I wonder if he would be so useless if you were going private, just searched  him  an it looks like he got plenty private work his way...


----------



## lsgs

I've used Fleet phosphosoda and Picolax before. Picolax was fine, not much to drink and absolutely no cramping pain at all. No nausea. Possibly a little more erm violent than Fleet but more than manageable. 

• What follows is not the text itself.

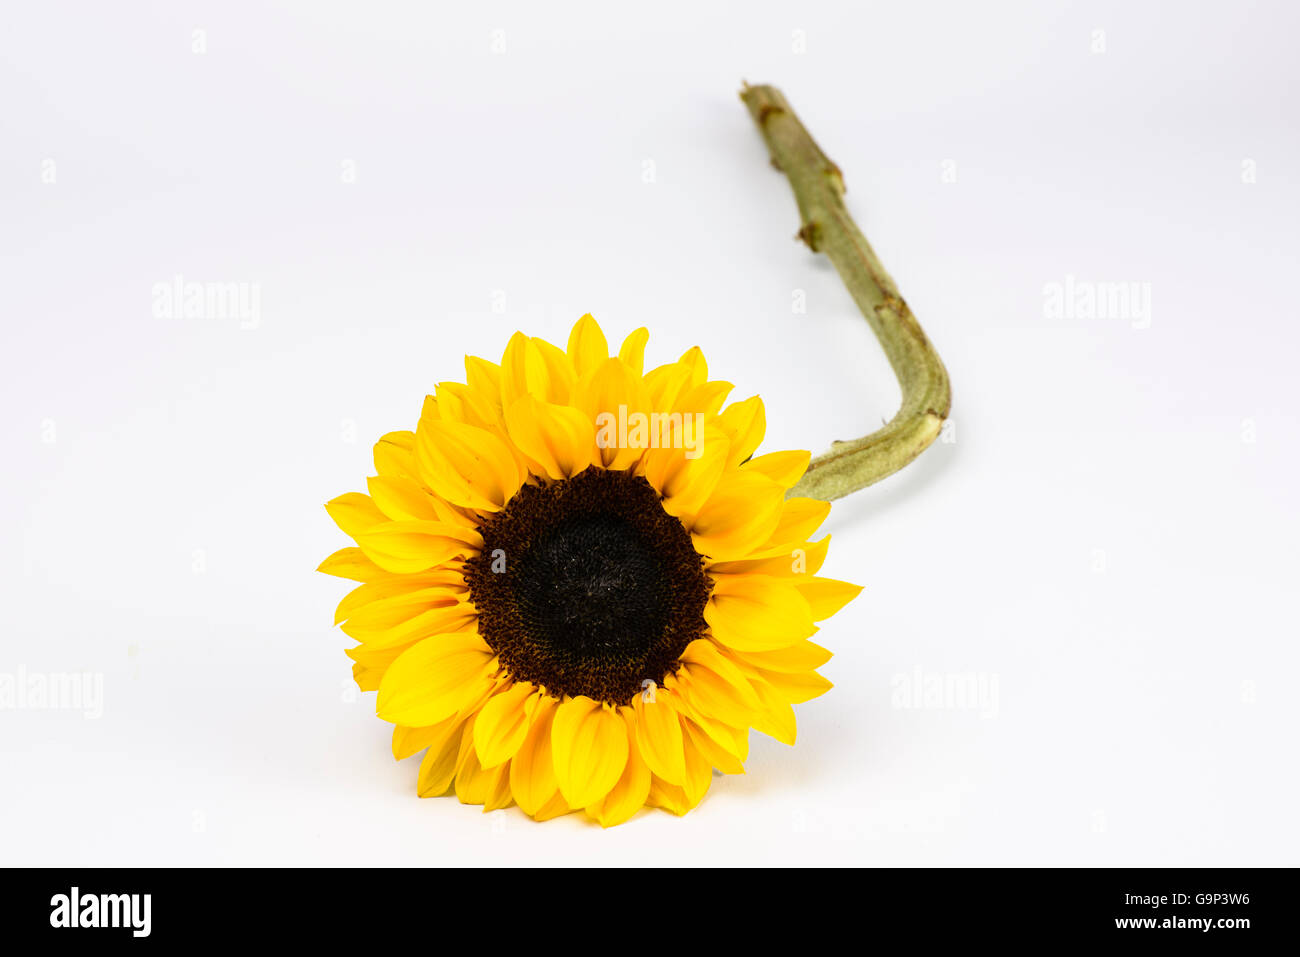 Single cut sunflower photographed against a white background Stock Photo

Fleet was fine, although it took a long time to work with me (6 hours) and caused a lot of pain and nausea in that time. I also had quite a lot of abdominal pain on the 2nd day of prep. I would do either prep again though.


----------



## xSophiexx

Omg i had Moviprep and all i can say is it induced exorcist style puke no warning just alllll came up over my wall and tv haha too much volume 4litres i think and tastes like salty lemon toilet cleaner URGHHH. Picolax is 2 SMALL glasses and tastes like Orange calpol.. MUCH easier on the tummy especially if you struggled with klean prep. Really not bad and i am a sensitive soul lol. That would be my prep of choice hope all goes well.


----------



## xSophiexx

Also get doc to prescribe it mine is happy with picolax.. its generally used for surgery


----------



## hainman

haha ye ben Dover would be funny,obviously his parents didnt have a sense of humour 
im in for stoma,ive been through all the meds and only the pred steriods is keeping me out a flare,ye they all work out the Nuefeild at bloody dear rates,i was thinking of going private but once you do that,get your treatment,bang your back with the nhs so i wasnt prepared to line his pockets just to end up back with him on nhs anyway,
Every time i go in to see him,which is every 6 months im lucky if i get the seat warm before im back out the door,it took him 6 months to write a referal letter to the surgeon,and that was me hounding him and his secretary every day.and this was him telling me i need the op,imminently.... wouldnt need to be anything wrong with you eh...
to be honest i dont mind the colonoscopy,its the endoscopy i HATE!!!plus ye get a wee kip with the colonoscopy lolgood luck with the scope,by the way he does the scopes,


----------



## UnXmas

I've always been given picolax. I didn't know we were allowed to choose! But I think how people react is probably a lot to do with the state of each person's digestive system as much as the type of laxative used. I didn't find picolax bad given what its used for.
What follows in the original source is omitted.